Your words meant too much to me. They were only ever passed through a computer screen. They were only ever typed on a small mobile phone. They came to me though wires - through waves. They meant too much to me. Deep down inside of me, I wanted to not believe them. But it was so hard, because I wanted to believe them - because I just wanted you.
But now, looking back, I realise how stupid I was all along I should have realised, your words never meant anything. How could they? How possibly could they? They never meant anything, your words were empty threats... unmeaningful poems.... hurtful nothingness.
Because now I realise, unless I hear you say something I must ignore it. Unless you announce your undying love for me ( you may have done that, in your mind).. and unless you are willing to tell every god damn human being on this earth, unless you are willing to scream it from the rooftops, unless you are willing to wear a sign with the truth on it for the rest of your days, I know not to believe it.
"Actions Speak Louder Than Words" Hell Yeah. You just never did any acting, did you? words fell from you easily - you had the charm and you had the beauty of language, and you typed it onto my screen, you typed it onto my phone, you sent it to me, thats the beauty of technology.
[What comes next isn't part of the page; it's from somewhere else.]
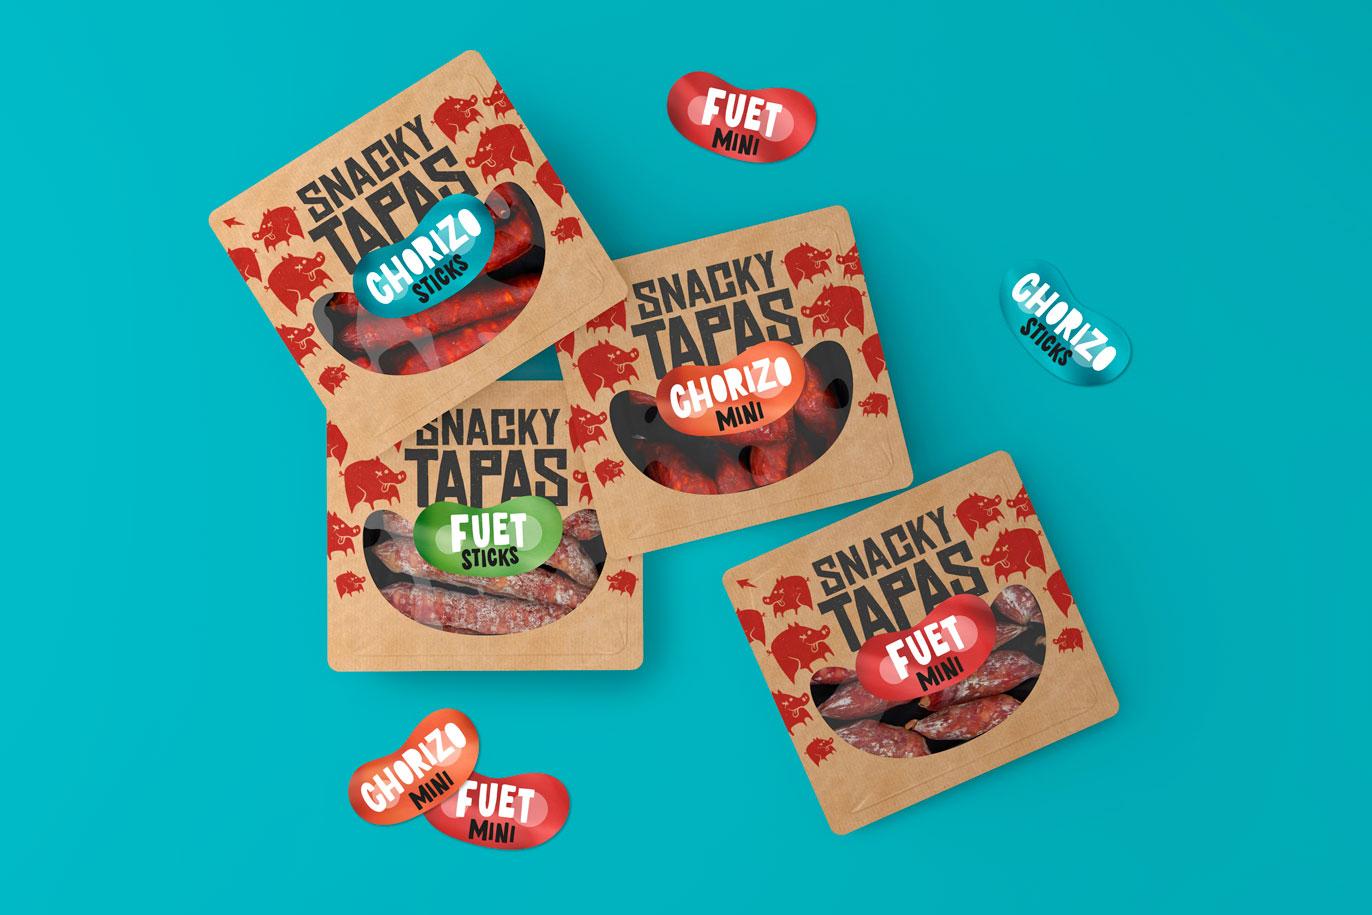 Can Calet Snacky Tapas branding naming packaging il·lustració gran consum FMCG snacks disseny gràfic Vibranding

But when it came to the crunch, the actual words, these things that come out of my mouth, everything that is cascading from inside of me --- The words that we speak, well you never had them did you? You had the language, the charm, the grace. You didn't have the balls.
And now I know I'm stupid and pathetic, because I want nothing more than for the words to spring from your mouth, right now. At this moment in time, nothing is more important to me than you Talking - speaking - those words you claimed to mean...
Those words that messed me up inside. Those words that won my heart, locked it up inside a small box and wrote "forever mine" on the top.
Why, Why, Why, did you have to throw away the key?